What you return should be the complete data below, word for word, with no pictures in it.

Data segment

───

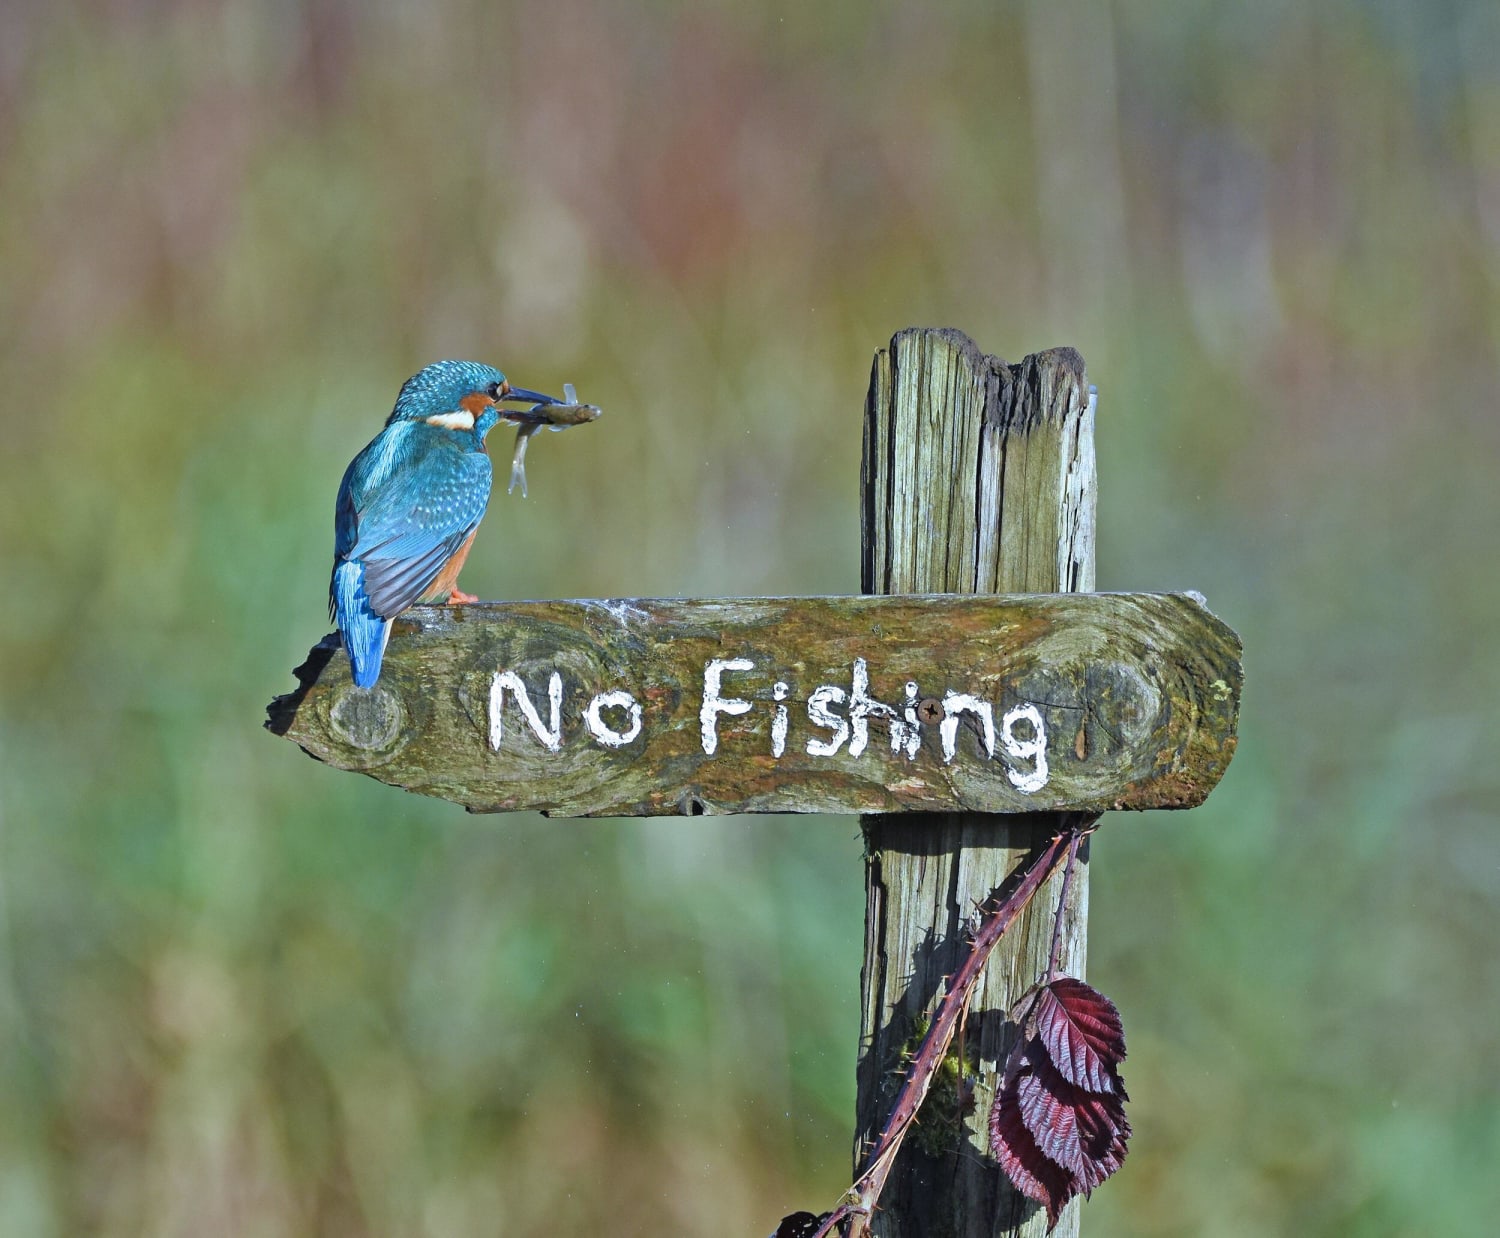 Kingfisher sits on a “no fishing“ sign in Kirkcudbright, UK
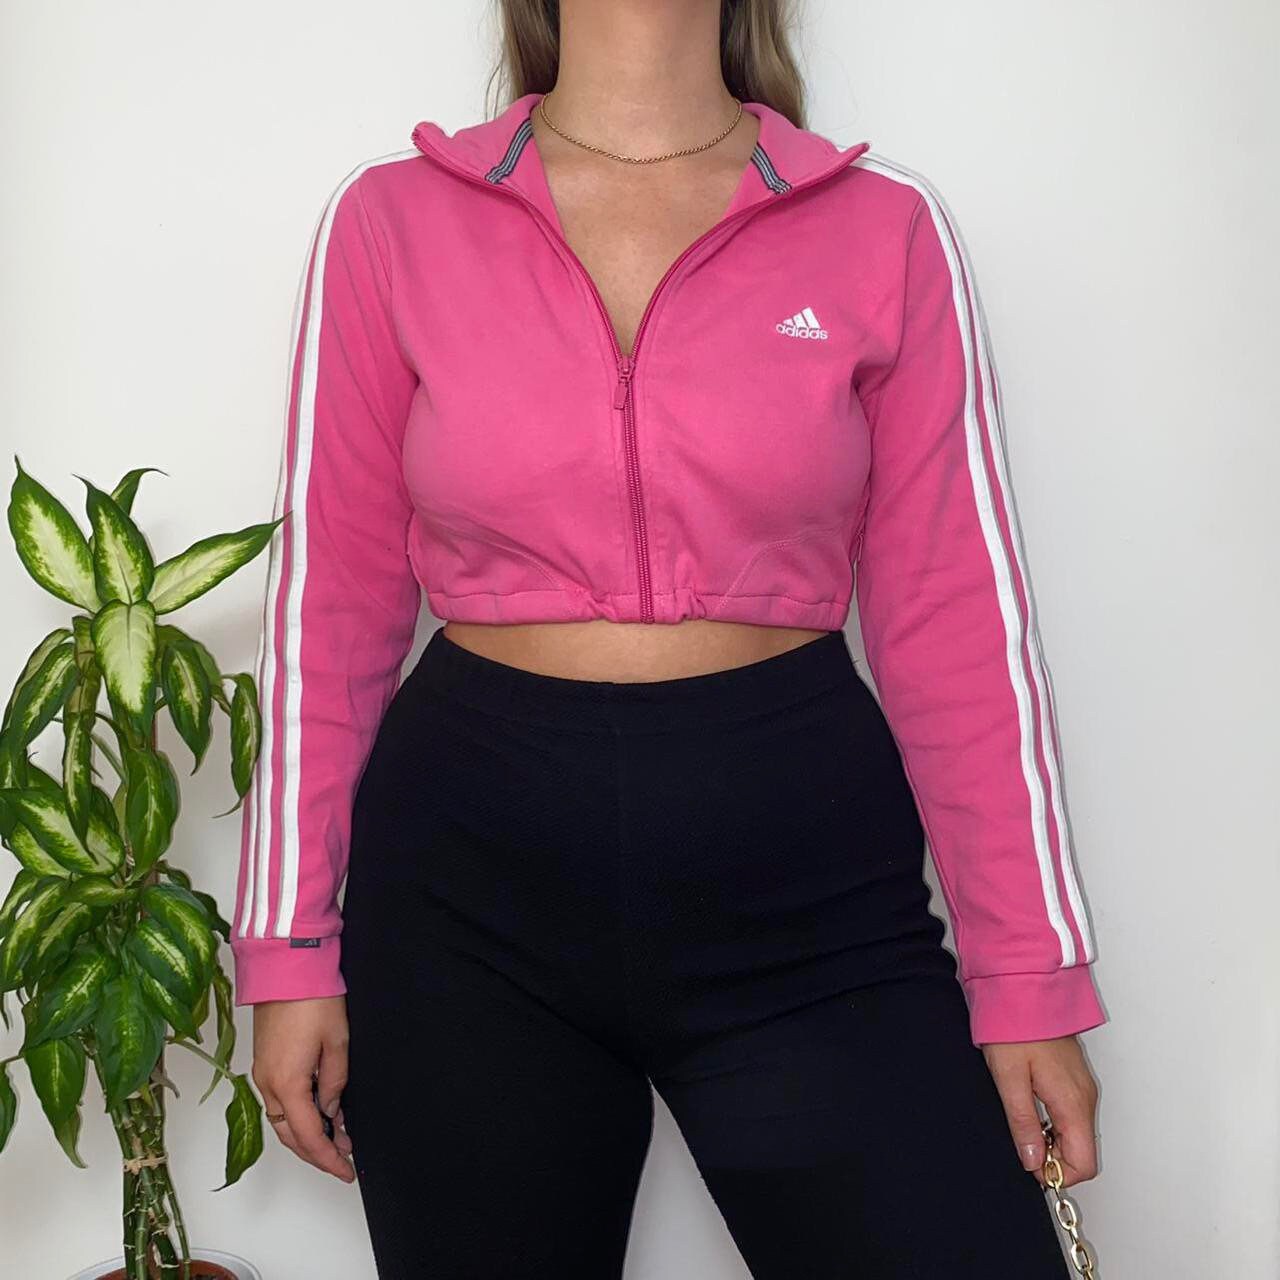 bright pink cropped jumper with small white Adidas text and symbol logo on chest shown on a model wearing black trousers
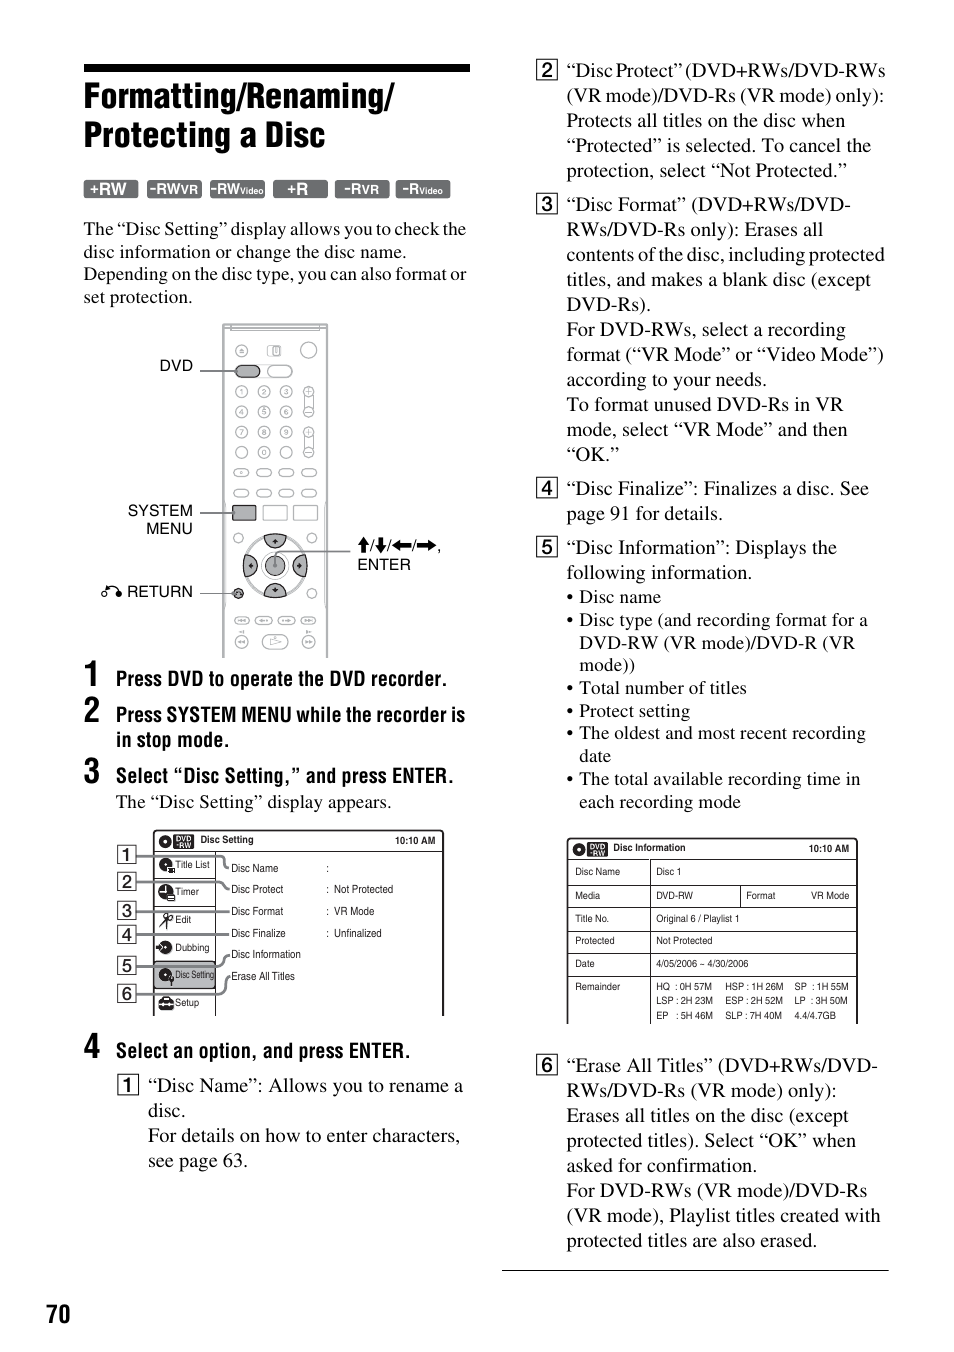 Formatting/renaming/ protecting a disc, Formatting/renaming/protecting a disc, Press dvd to operate the dvd recorder | Select “disc setting,” and press enter, The “disc setting” display appears | Sony RDR-VX521 User Manual | Page 70 / 132
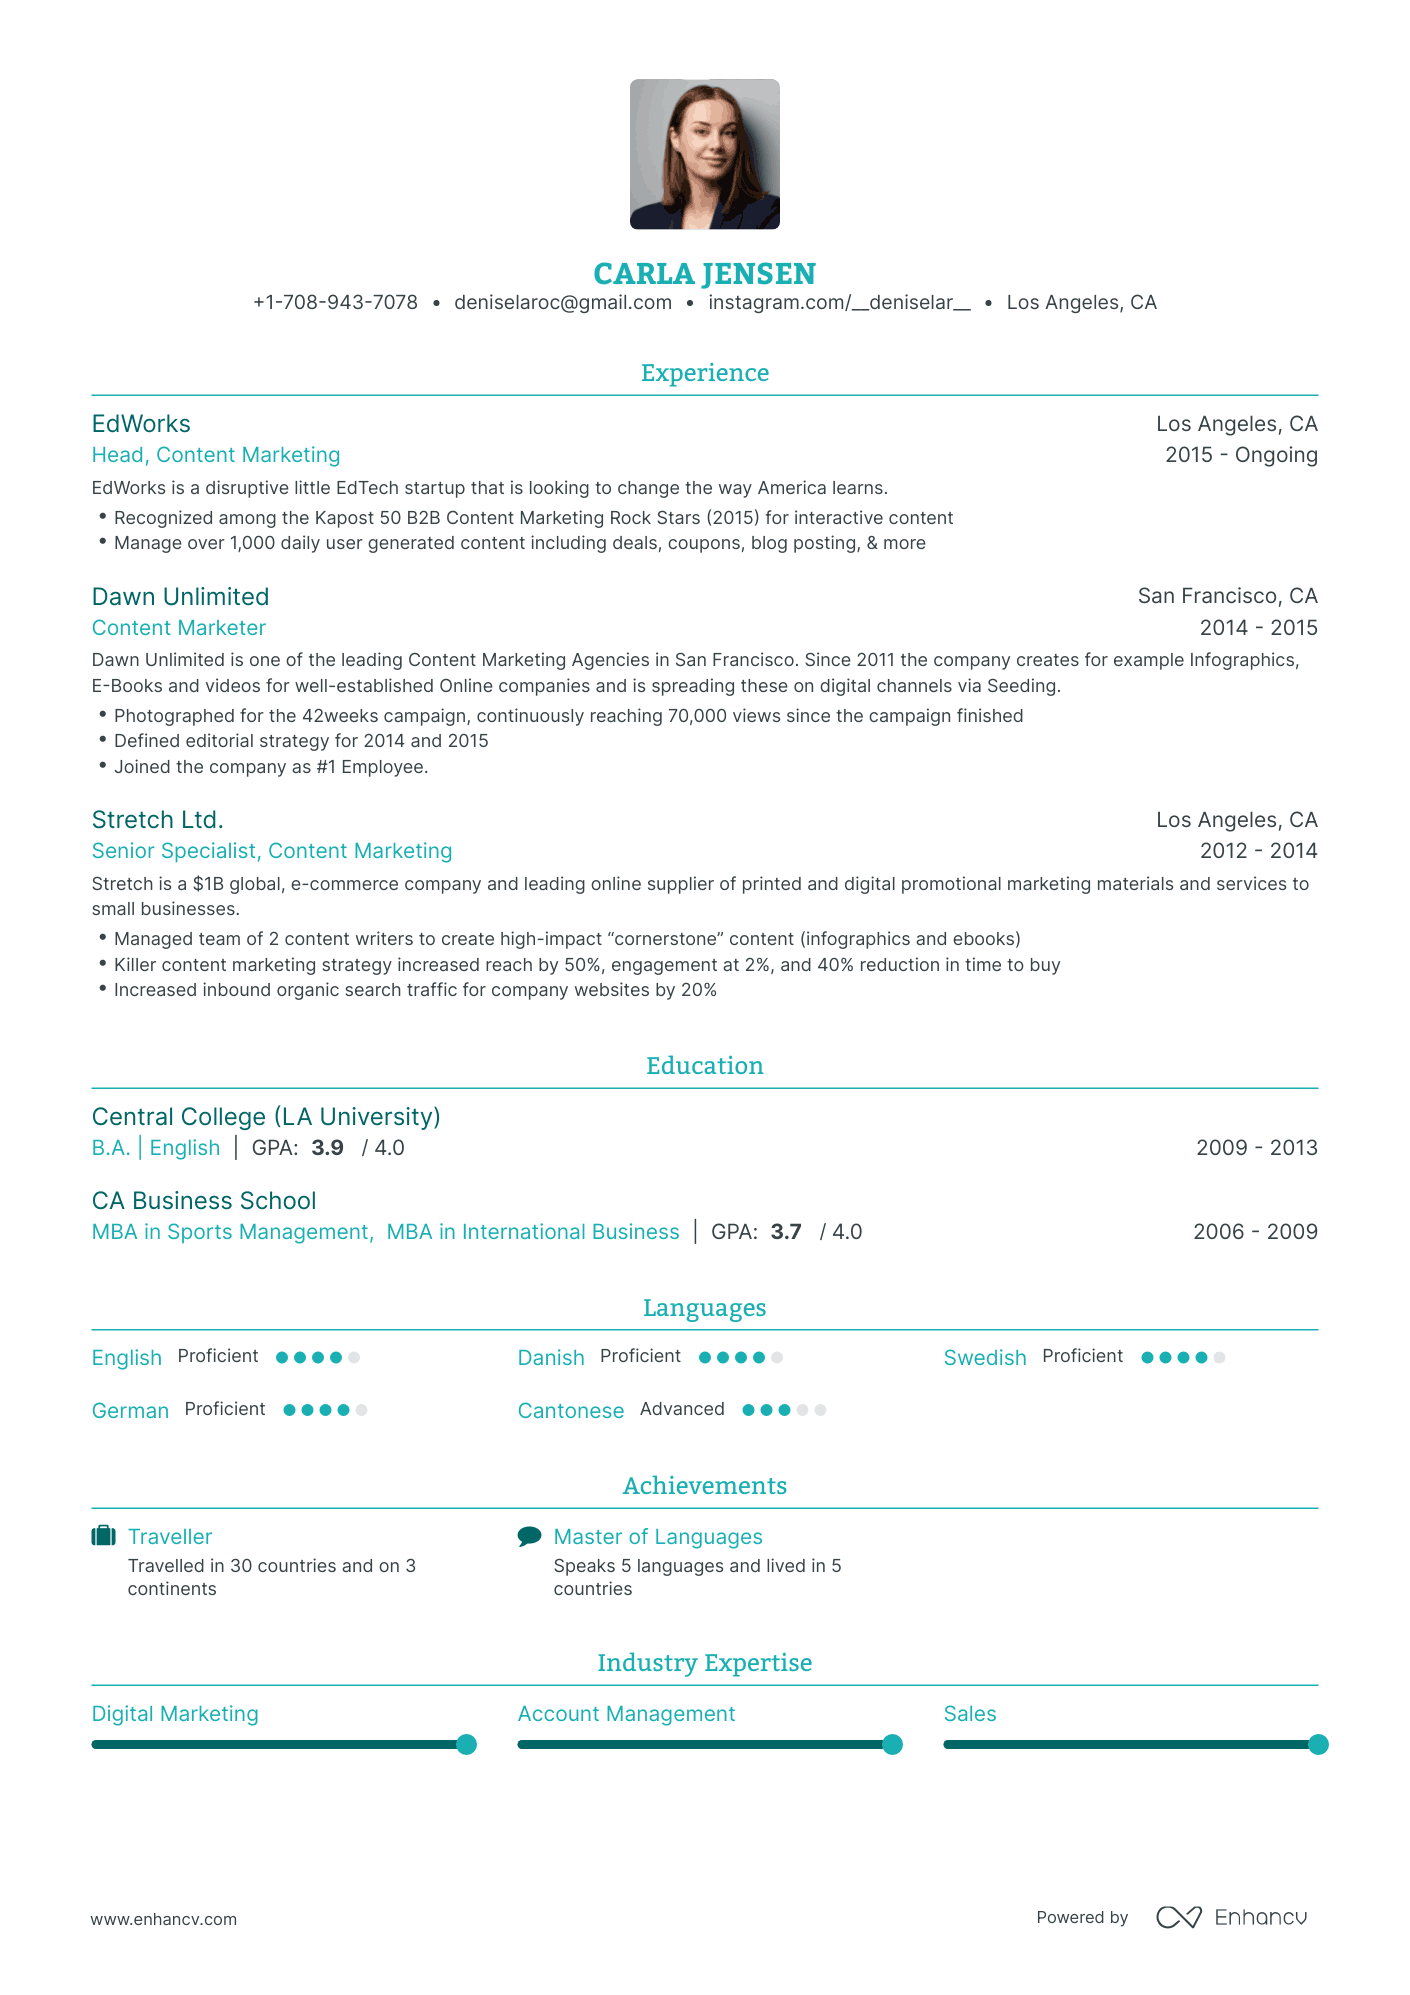 Traditional Content Marketing Resume Template

───

Response to this task
 Kingfisher sits on a “no fishing“ sign in Kirkcudbright, UK
 bright pink cropped jumper with small white Adidas text and symbol logo on chest shown on a model wearing black trousers
 Formatting/renaming/ protecting a disc, Formatting/renaming/protecting a disc, Press dvd to operate the dvd recorder | Select “disc setting,” and press enter, The “disc setting” display appears | Sony RDR-VX521 User Manual | Page 70 / 132
 Traditional Content Marketing Resume Template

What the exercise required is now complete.